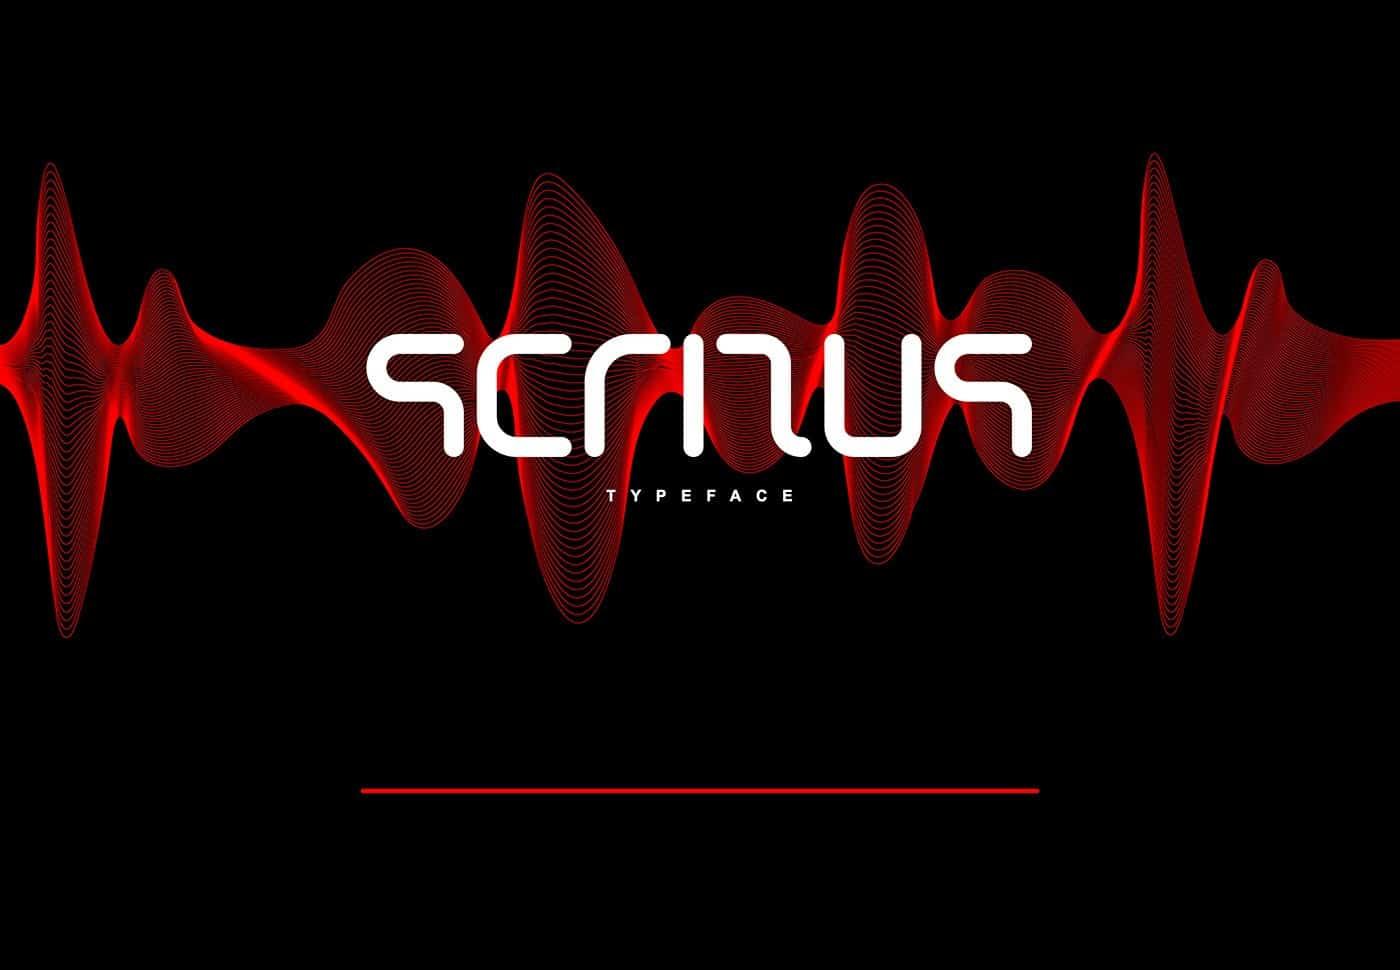 Download Scritus font (typeface)
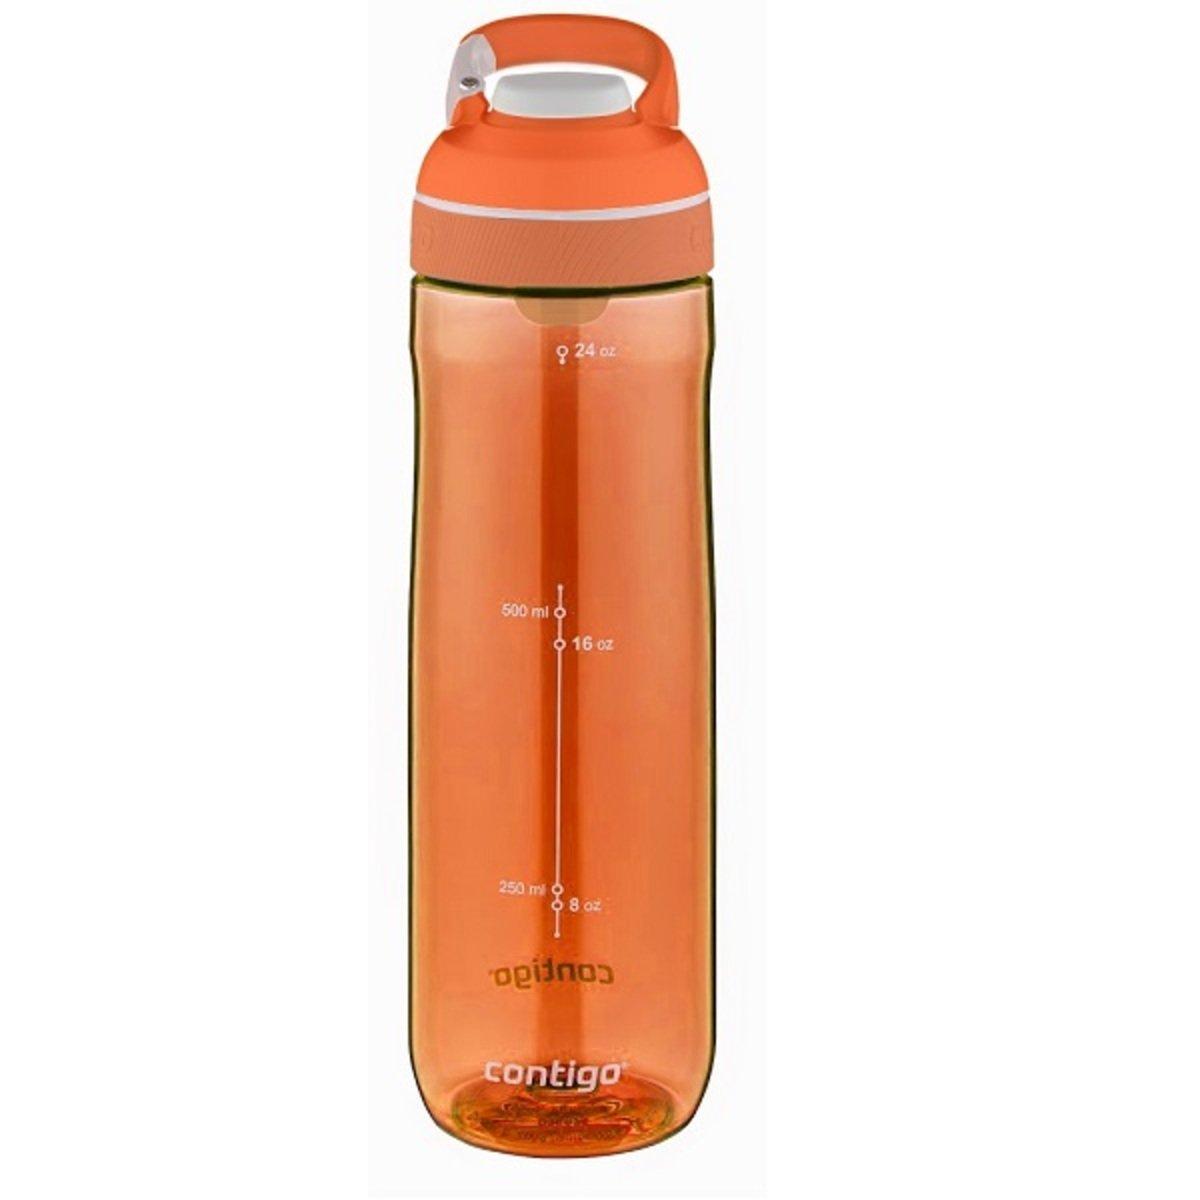 Cortland 運動偷閒杯 - 橙色杯橙色蓋
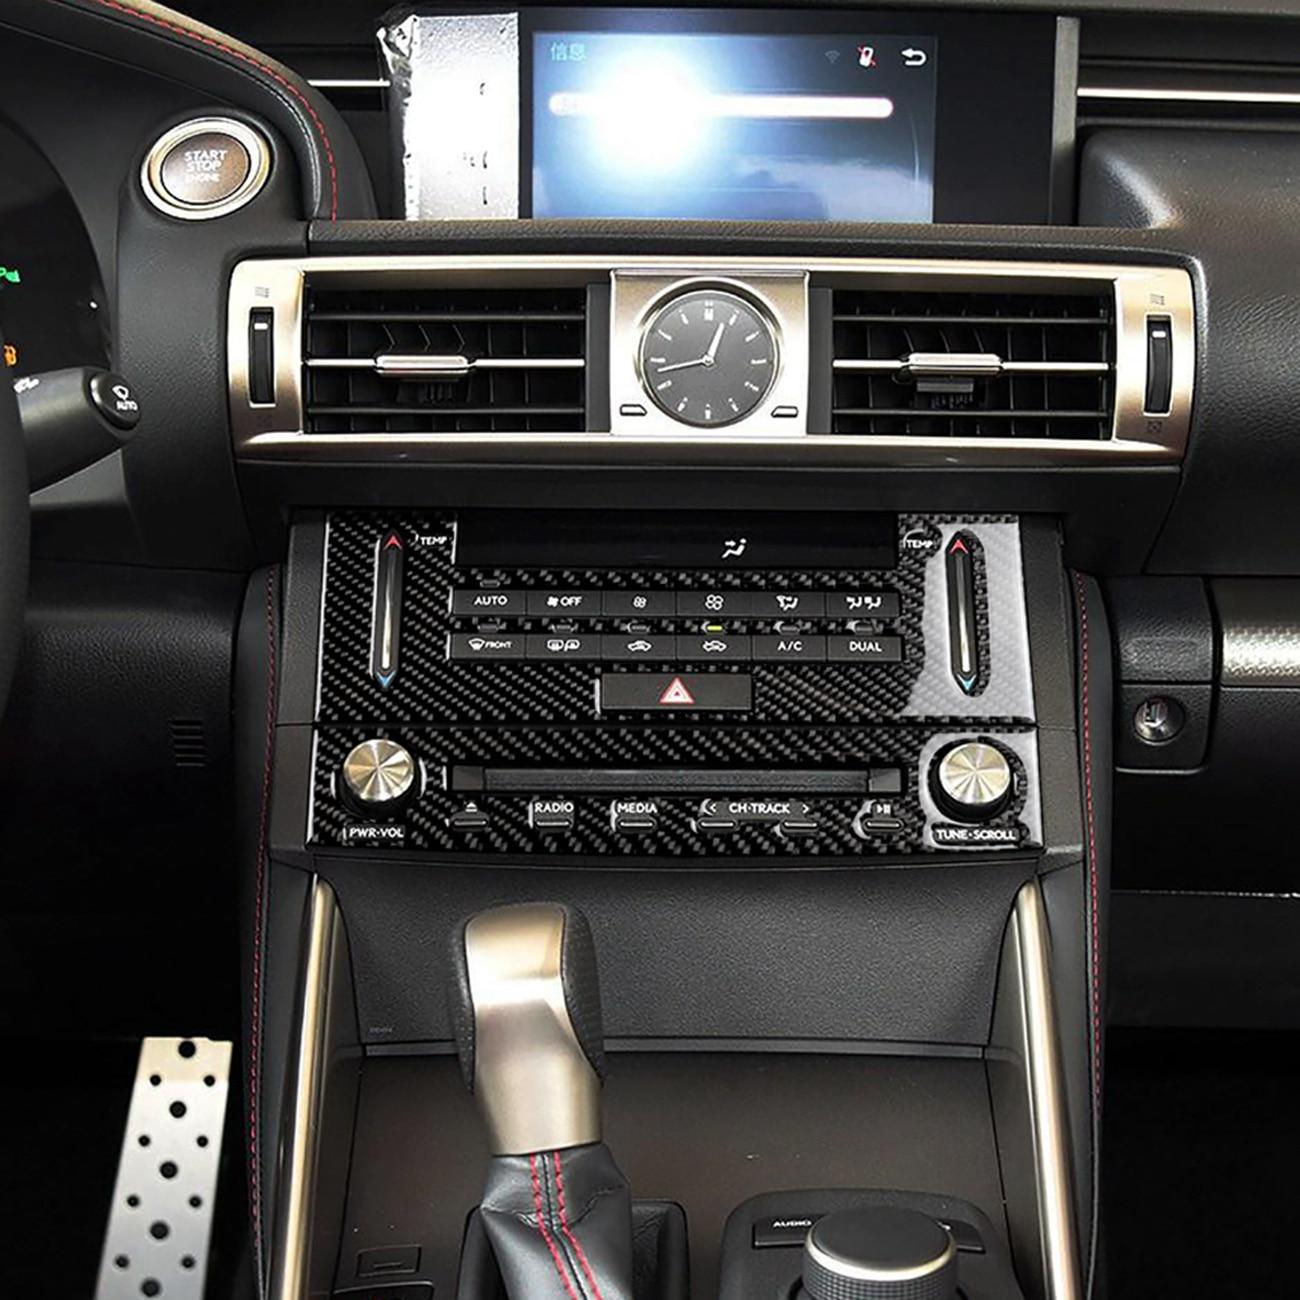 2 PCS Carbon Fiber Center Console Dashboard CD Media Navigation Panel Frame Decal Cover Trim for Lexus IS250

══════════

### Assignment
An exact reproduction of the lines from the line containing "Cortland 運動偷閒杯 - 橙色杯橙色蓋" through the end of the listing above is needed; pictures stay out.

### Worked solution
 Cortland 運動偷閒杯 - 橙色杯橙色蓋
 2 PCS Carbon Fiber Center Console Dashboard CD Media Navigation Panel Frame Decal Cover Trim for Lexus IS250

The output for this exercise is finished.